What is expected —
From the listing below, retype exactly the line holding "Neil Young - Cow", the line holding "KAREN SALOON - kleurrijke hanglamp", and the lines between them; skip everything else.

Records for the task —
━━━━━━━━━━━━━━━━

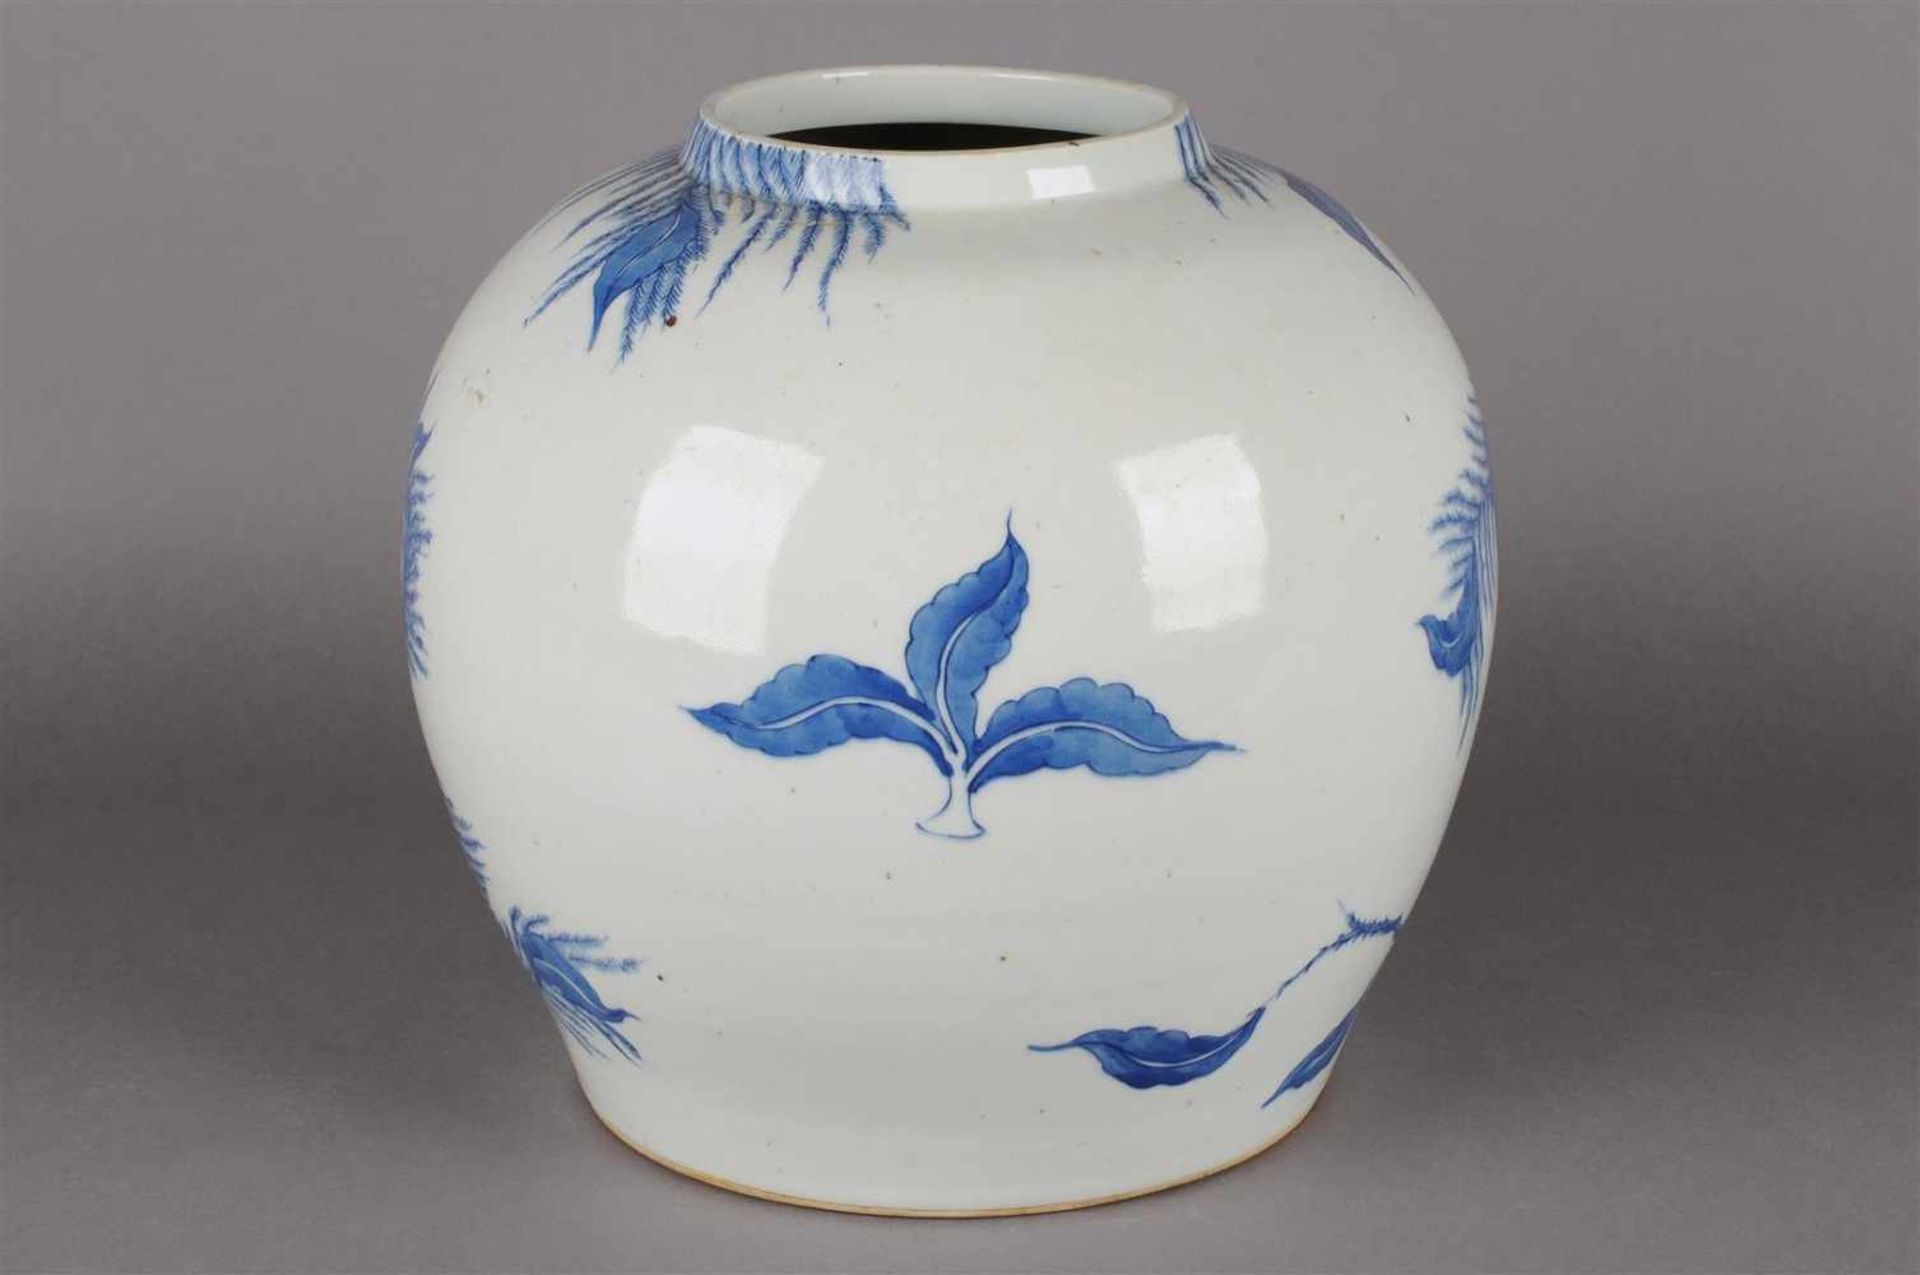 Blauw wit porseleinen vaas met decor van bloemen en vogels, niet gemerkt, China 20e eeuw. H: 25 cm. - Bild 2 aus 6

━━━━━━━━━━━━━━━━

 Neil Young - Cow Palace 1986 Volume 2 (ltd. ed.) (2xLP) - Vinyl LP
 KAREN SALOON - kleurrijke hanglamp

━━━━━━━━━━━━━━━━

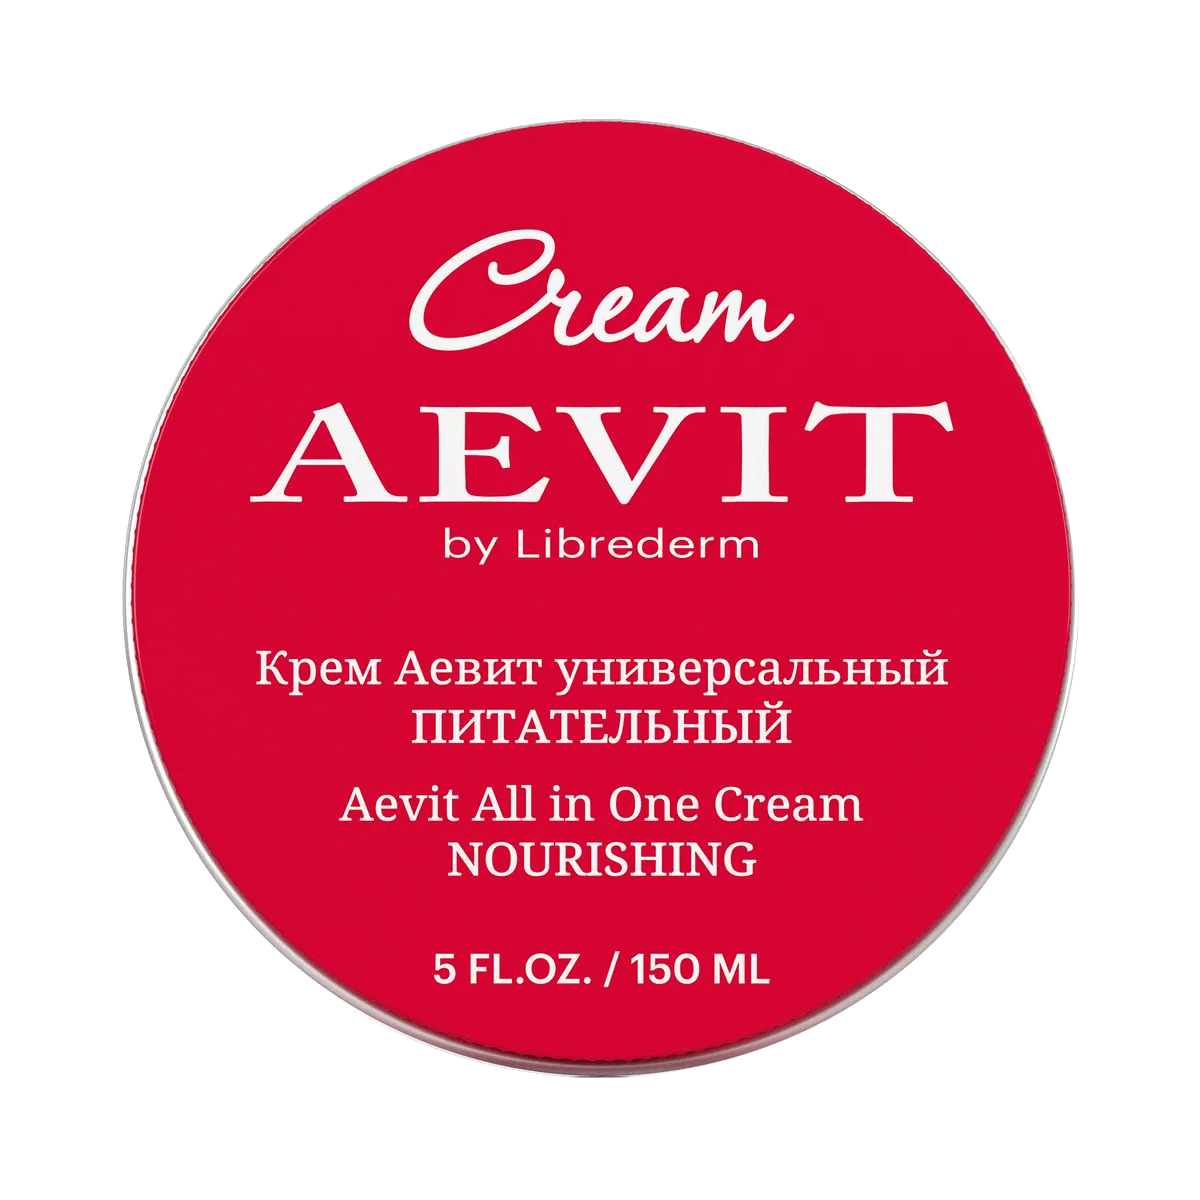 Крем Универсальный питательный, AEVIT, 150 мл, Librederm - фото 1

━━━━━━━━━━━━━━━━

Exercise response —
 Neil Young - Cow Palace 1986 Volume 2 (ltd. ed.) (2xLP) - Vinyl LP
 KAREN SALOON - kleurrijke hanglamp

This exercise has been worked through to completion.